→ Activity: In the entries that follow, the first line to write out is the one containing "Michael Kors Mercer", and the last is the one containing "Payment of bonus act, 1965". Reproduce that stretch exactly, with nothing before or after it.

→ Material provided:

== Segment start ==

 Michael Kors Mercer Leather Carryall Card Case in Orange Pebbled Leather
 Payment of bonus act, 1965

== Segment end ==
== Segment start ==

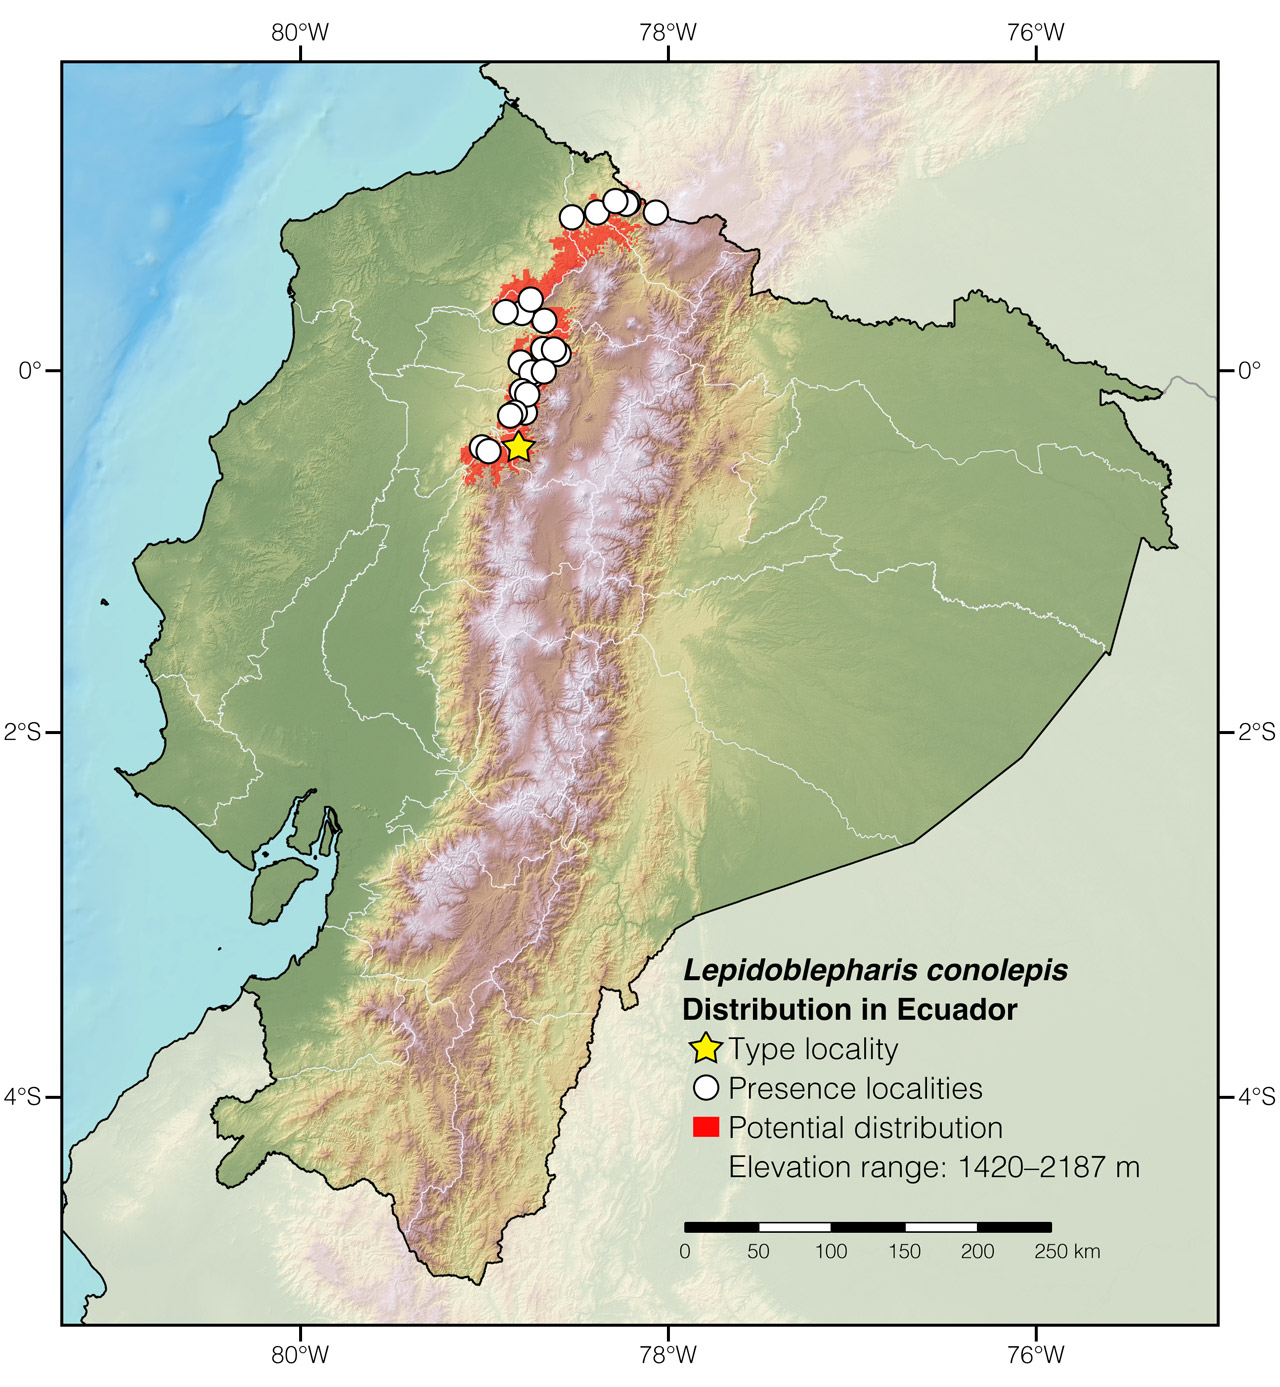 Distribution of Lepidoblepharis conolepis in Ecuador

== Segment end ==

→ Expected output:
 Michael Kors Mercer Leather Carryall Card Case in Orange Pebbled Leather
 Payment of bonus act, 1965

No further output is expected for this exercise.